I vantaggi per il consumatore
Le informazioni registrate nella blockchain di Bofrost sono accessibili anche ai consumatori. Le confezioni riportano un QR Code, che porta alla storia del prodotto: origine, luogo di produzione e di trasformazione e così via. Per il merluzzo surgelato, ad esempio, è possibile conoscere il nome della nave che lo ha pescato, il luogo e i metodi di pesca, stabilimenti di stoccaggio e confezionamento e persino le temperature e i dati del controllo qualità. Dei carciofi, invece, è possibile conoscere il fornitore, la zona di coltivazione e la temperatura di coltivazione.

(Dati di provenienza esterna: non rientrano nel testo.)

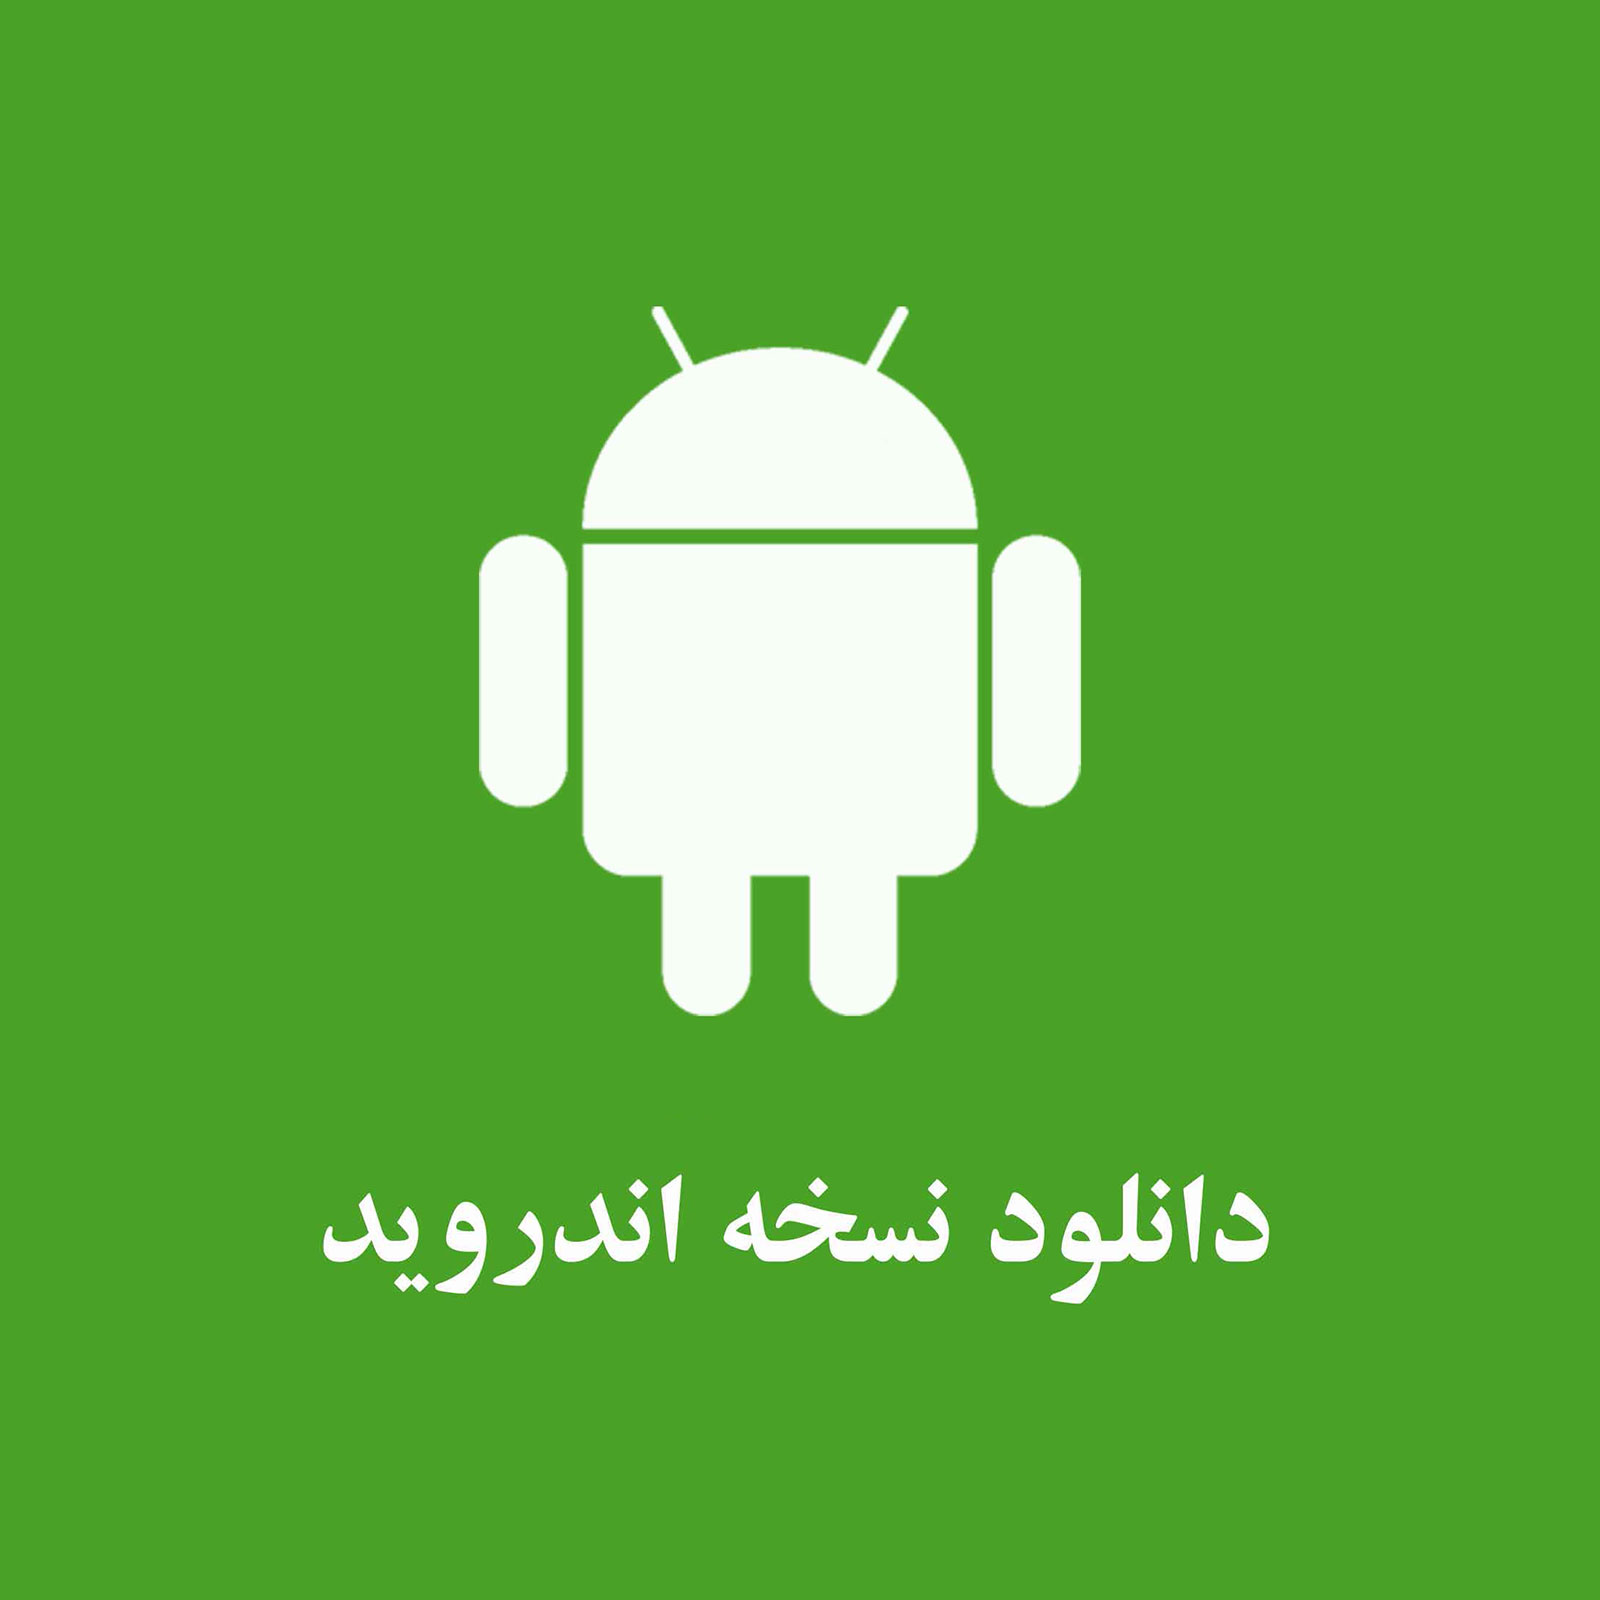 دانلود نسخه اندروید فندک مارکت -fandak market android - فروشگاه اینترنتی فندک مارکت

Una grande responsabilità per le industrie
Per mettere in piedi un sistema del genere ci vuole un grande sforzo tecnico ma anche molto coraggio. Più informazioni ha il consumatore e più può fare una scelta su cosa comprare. Ma non sempre le scelte dei consumatori sono del tutto razionali e, per questo, la blockchain può essere un'arma a doppio taglio per le imprese. Quando ci fu il disastro nucleare di Fukushima in Giappone, ad esempio, vi fu un'iniziale contaminazione radioattiva delle acque marine circostanti la centrale. Ne nacque un allarme, non del tutto giustificato, che portò molti consumatori a scoprire cosa sono le "Zone FAO". Cioè le parti in cui l'Organizzazione per l'Alimentazione e l'Agricoltura (FAO) ha diviso le acque di tutto il mondo. Nessuno voleva più comprare pesce (in particolare il tonno in scatola) dalle zone FAO 61 e 71, cioè quelle vicine al Giappone (l'indicazione in etichetta della zona FAO è obbligatoria per i produttori). La grande scelta di trasparenza di Bofrost, per questo, è un vero atto di coraggio industriale.